■ Dataset content ■
......
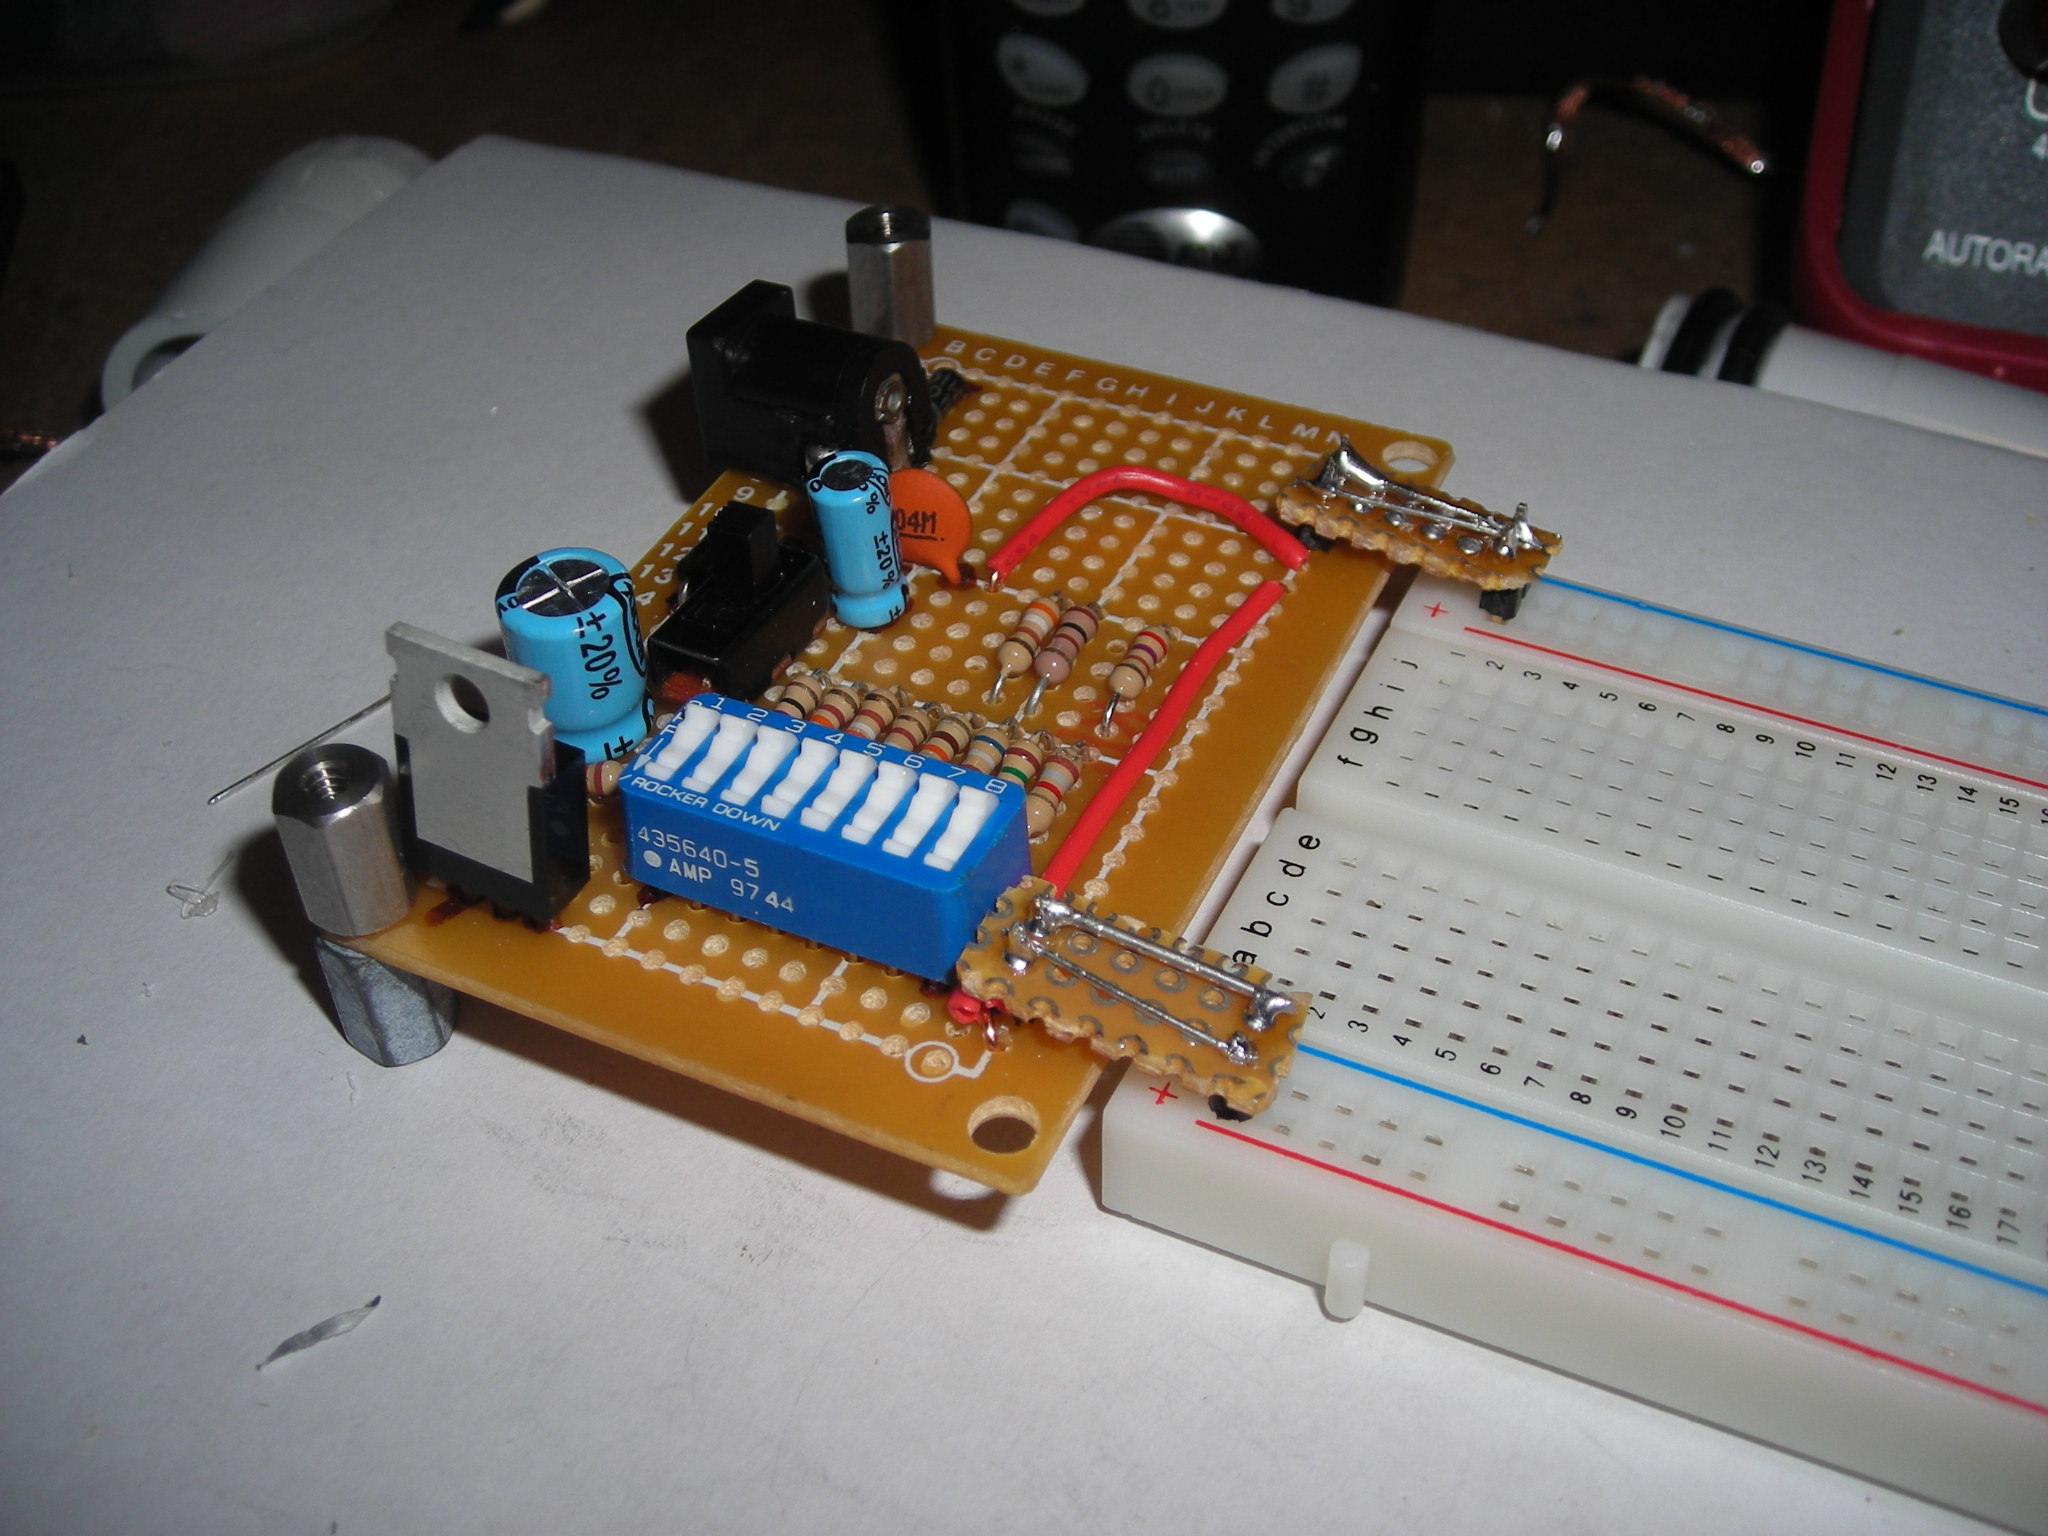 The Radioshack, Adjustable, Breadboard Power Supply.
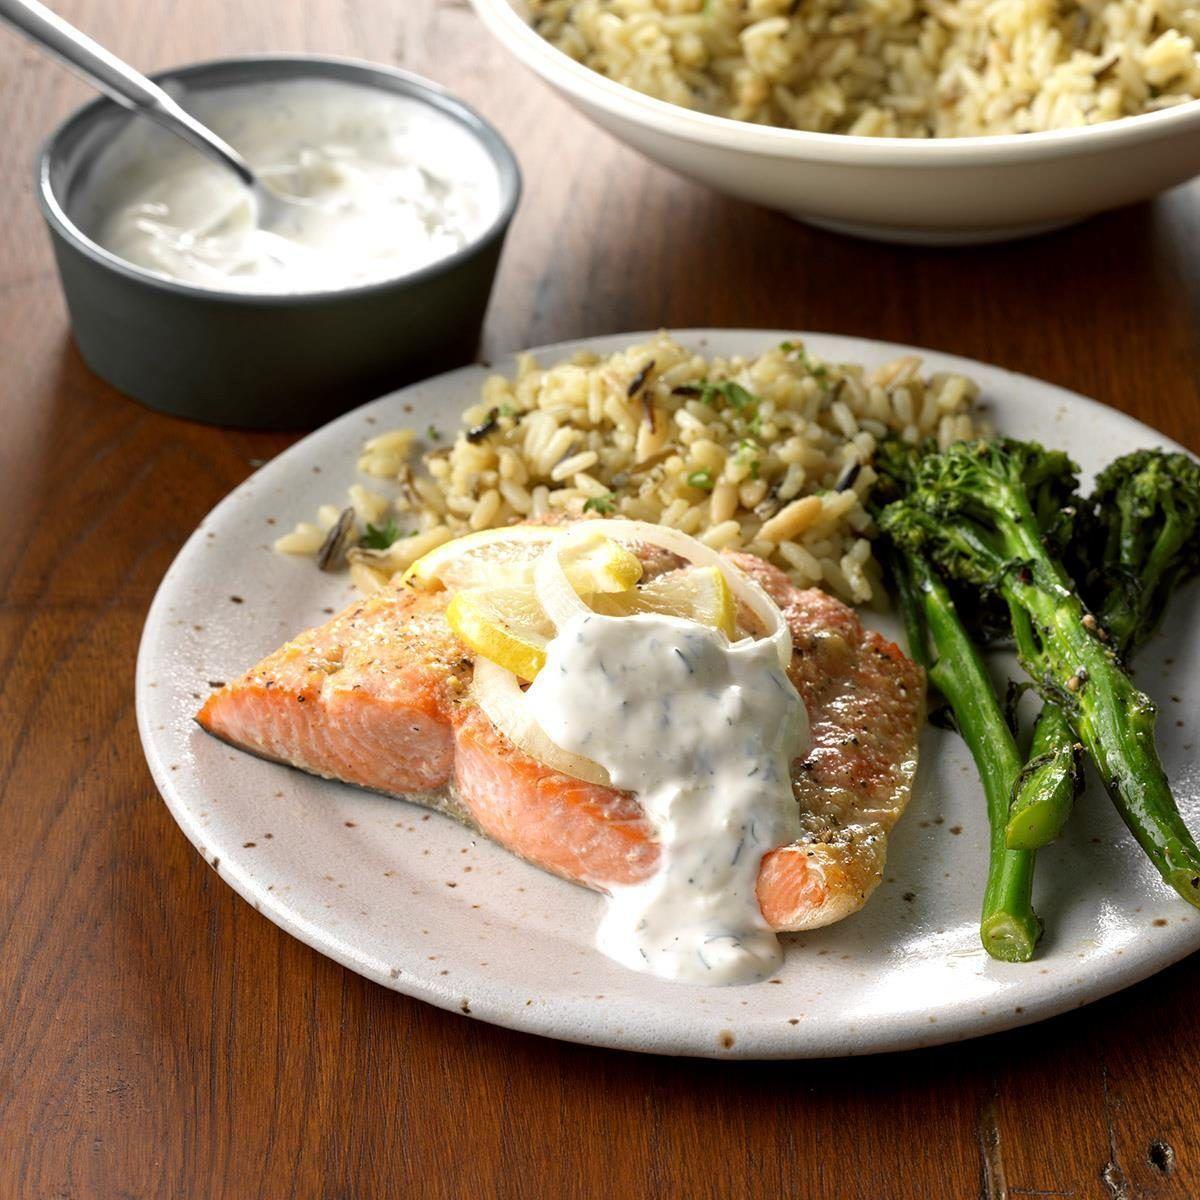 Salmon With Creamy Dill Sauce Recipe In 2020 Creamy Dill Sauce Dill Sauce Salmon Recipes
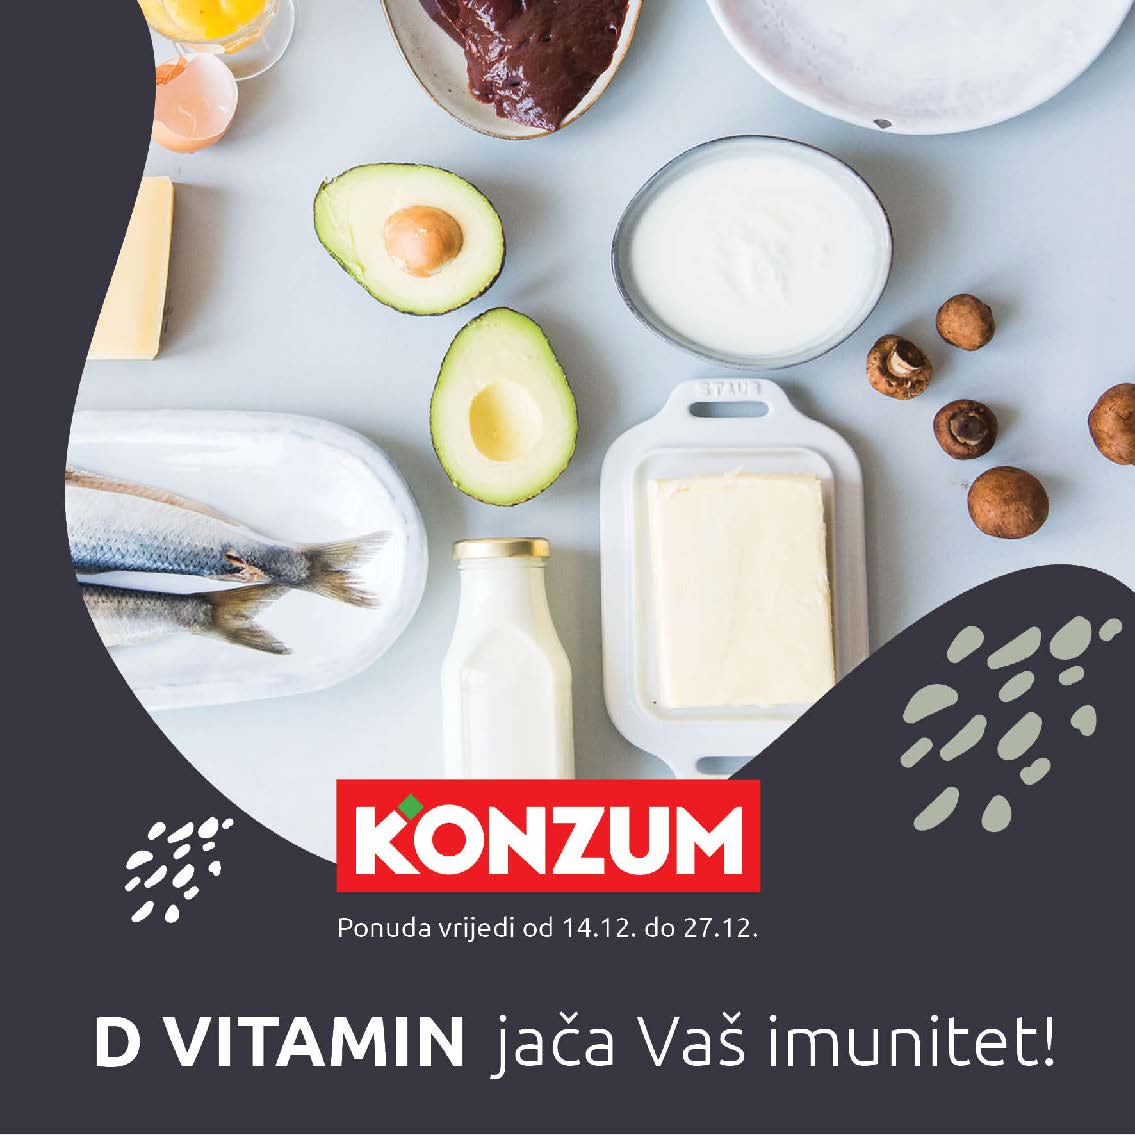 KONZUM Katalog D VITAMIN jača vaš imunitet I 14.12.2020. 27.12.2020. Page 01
......
■ What you should do ■
Exclude every picture, then reproduce the remaining data character for character.

■ Output for this exercise ■
 The Radioshack, Adjustable, Breadboard Power Supply.
 Salmon With Creamy Dill Sauce Recipe In 2020 Creamy Dill Sauce Dill Sauce Salmon Recipes
 KONZUM Katalog D VITAMIN jača vaš imunitet I 14.12.2020. 27.12.2020. Page 01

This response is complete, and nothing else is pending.